AIM OF THE TASK
Please write out exactly the line containing "Soccer Welsh Cymru" below and every line after it, through the last one, but leave out any pictures.

DATA PROVIDED
• • • • • • •
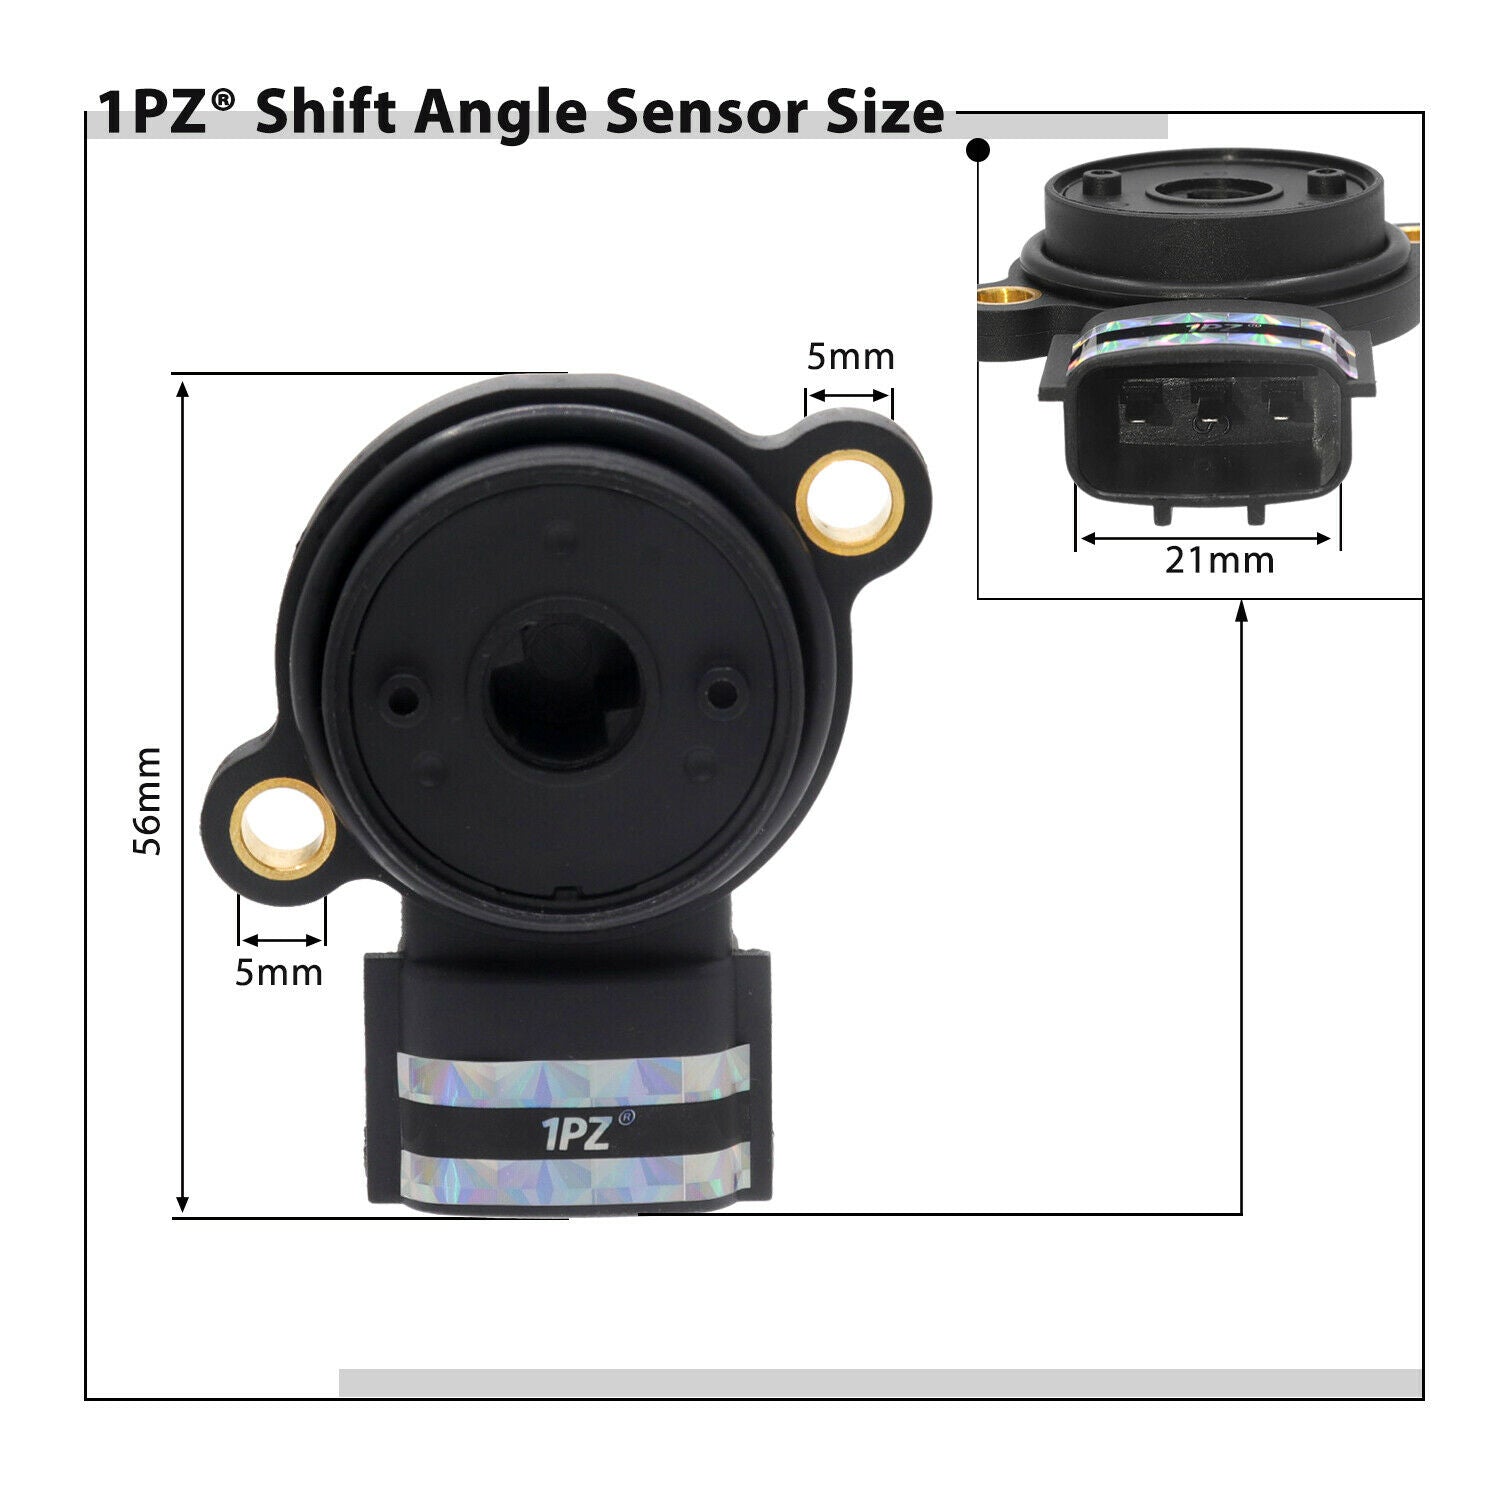 1PZ Shift Angle Sensor Replacement for Honda Foreman Rubicon 500 TRX500FA TRX500FGA TRX500FPA Rancher 400 TRX400FA TRX400FGA 06380-HN2-305
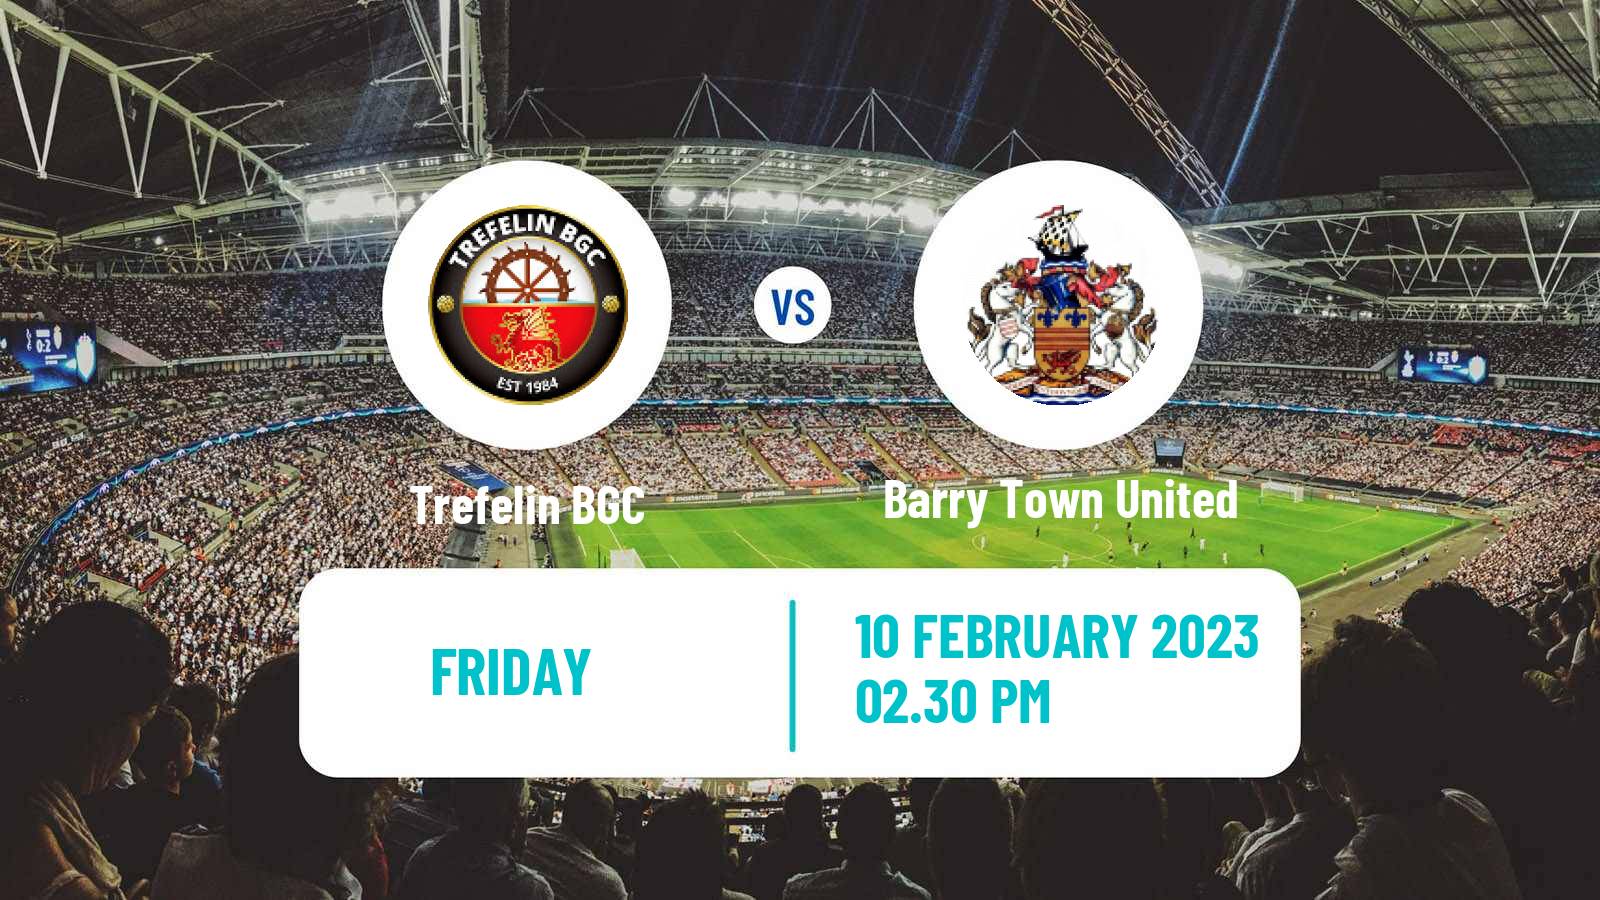 Soccer Welsh Cymru South Trefelin - Barry Town United
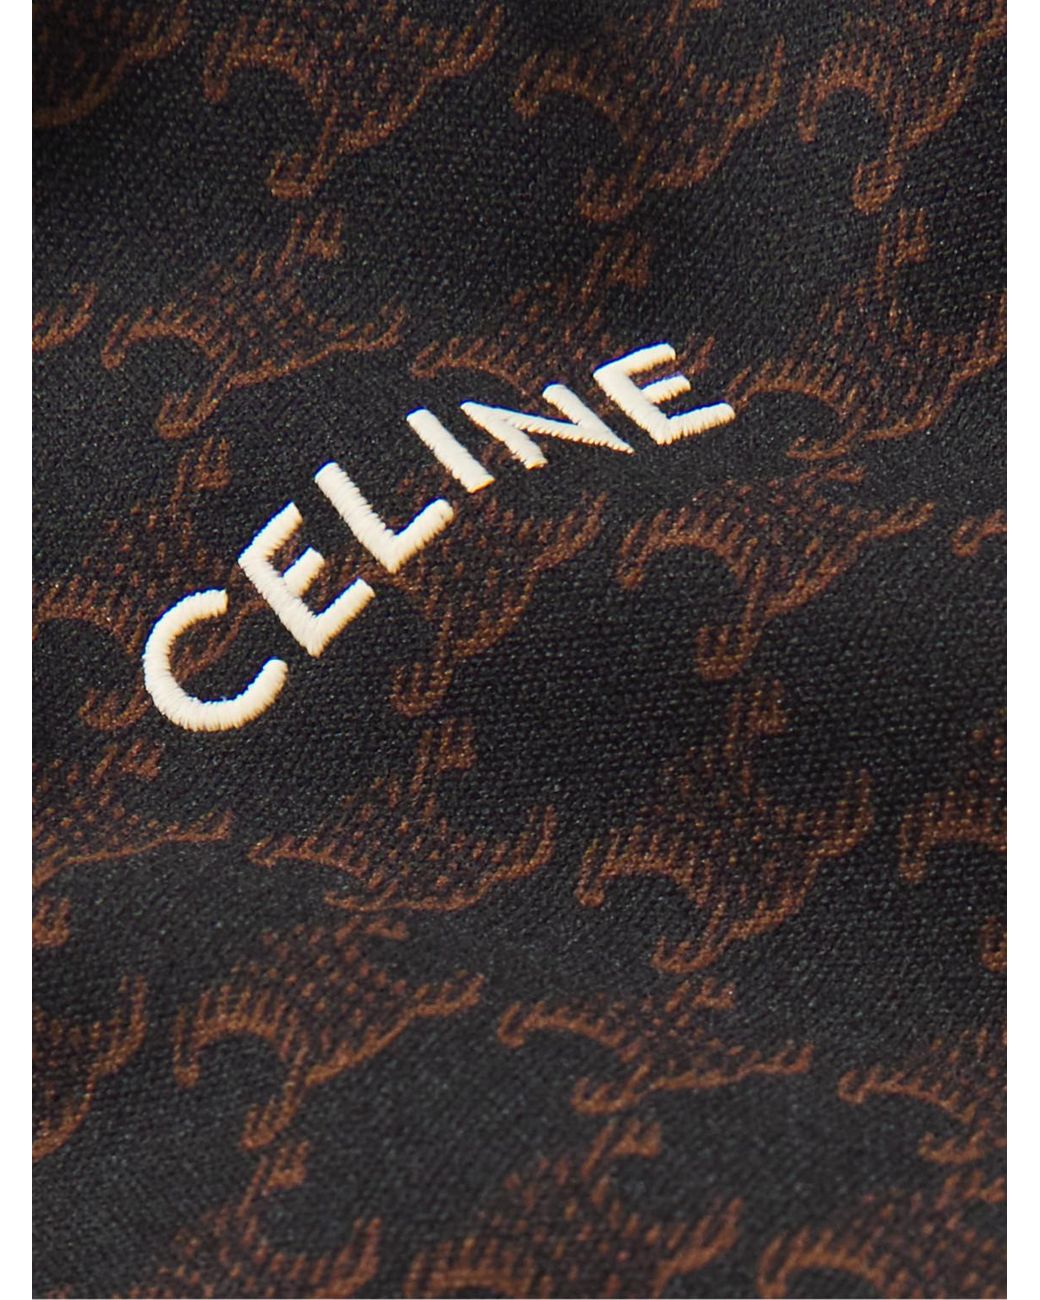 Celine Homme Triomphe logo-print Tech-Jersey Track Jacket - Men - Black Sweats - M
• • • • • • •
RESPONSE BELOW
 Soccer Welsh Cymru South Trefelin - Barry Town United
 Celine Homme Triomphe logo-print Tech-Jersey Track Jacket - Men - Black Sweats - M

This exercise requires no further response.